Since I began blogging on Dev.to, one of my primary subjects has been the (arbitrary) standards that we apply to others when we evaluate them as potential candidates for jobs. In fact, it was the focus of my first blog on this platform, and I've addressed it on several different levels since. But this really became much clearer (in my mind, at least) after I posted my last article - an article about applying to Facebook.

In that article, I explained that I'd been told to expect questions about .call() and .apply(). And because I don't feel any need to "bolster" my image in this forum, I also mentioned that I had to immediately Google those concepts - because I wasn't familiar with them.

To be absolutely clear, I've been coding, quite literally, since I was a kid.

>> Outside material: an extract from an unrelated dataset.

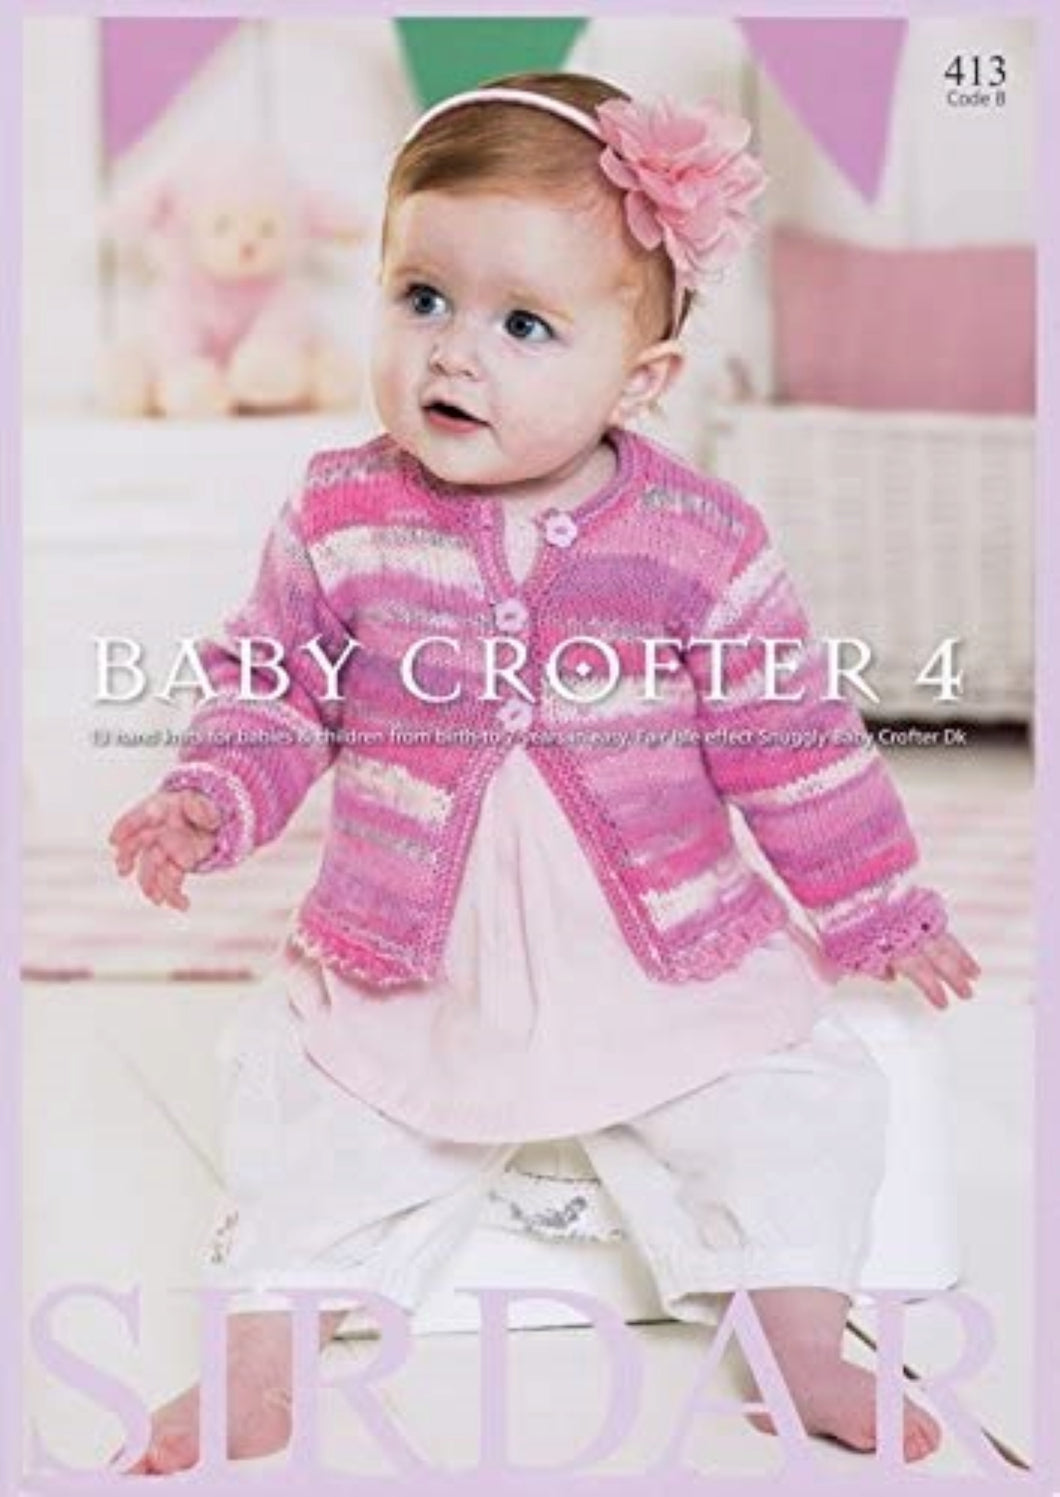 #413 - Baby Crofter 4 Booklet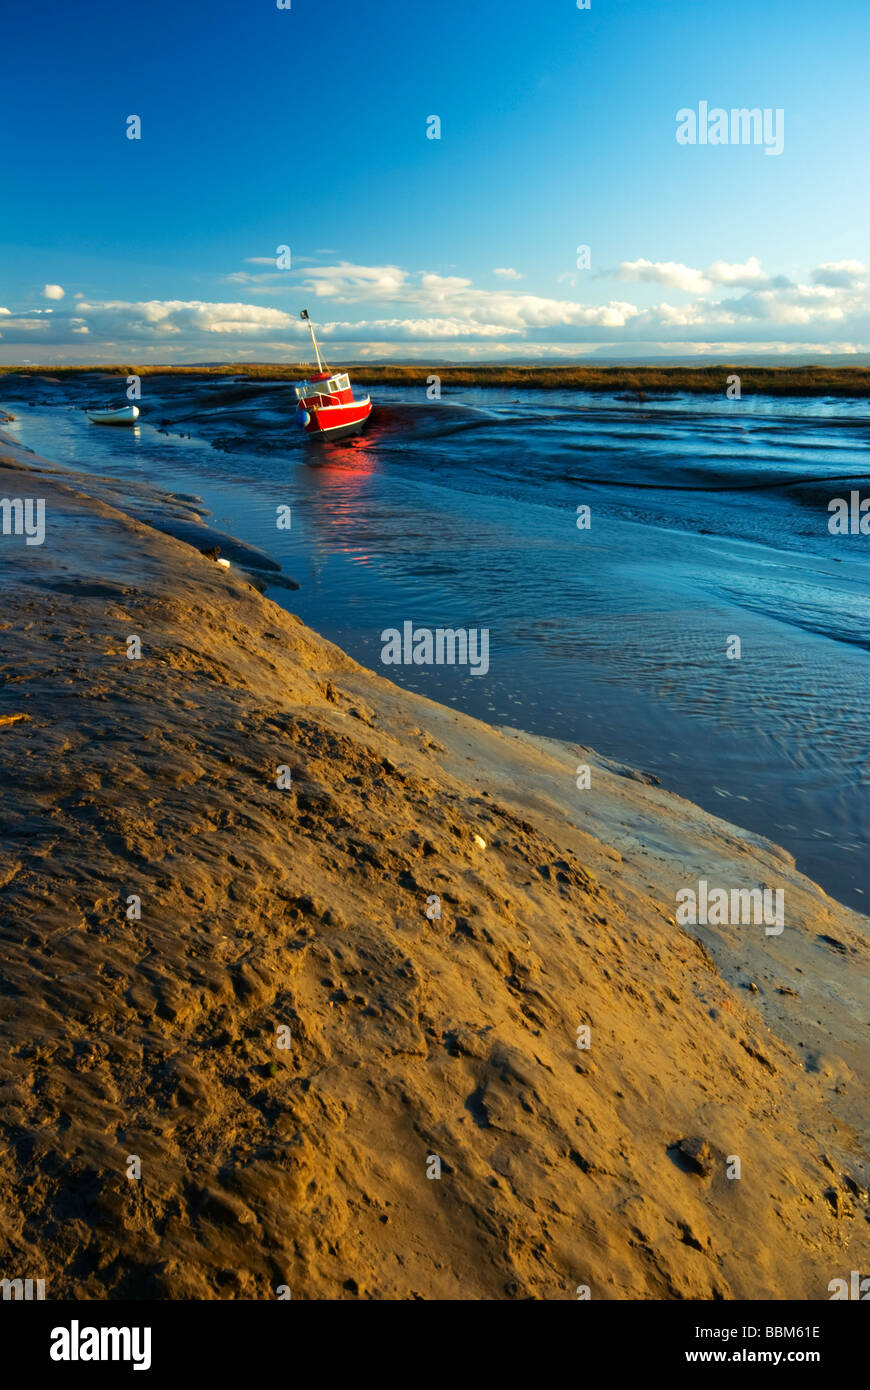 Boats tied up on at Heswall on the Wirral Peninsula. UK GB England EU Europe Stock Photo

I've been coding professionally for almost a quarter-century. I've been doing JavaScript development quite heavily for about... a decade or so. And I've been doing React development, specifically, for the last five+ years.

Despite this mountain of real-world experience, I wasn't terribly familiar with the ideas of .call() or .apply(). After I looked them up, I realized exactly why I'm not familiar with them - because I don't use them at all in my regular work. And given "modern" JS norms, I'm not even sure how or why I would use them going forward.

As a React dev, I'm intimately familiar with .bind(). I'm familiar with it because there was a time when I used it frequently. That time has passed. In my current dev (and by "current", I mean, the last 2-3 years), I haven't used it at all. Quite frankly, for me, .bind() is basically... deprecated. And when I looked up .call() and .apply(), I similarly felt that these concepts are deprecated.

You see, I don't even use this anymore. And I'm not saying that there aren't some potentially-valid use-cases out there for this. But for the most part, if you're repeatedly falling back on this, I gotta wonder how "modern" your JS dev really is? And if you're not using this, then the use-cases for .bind(), .call(), and .apply() become incredibly... scant.

But this article is NOT about .bind() or .call() or .apply(). I truly couldn't care less whether you agree with my take on them. In fact, this article isn't about any particular language construct at all. This article is about the arrogance of "tech folks" (like myself), and litmus tests, and shibboleths.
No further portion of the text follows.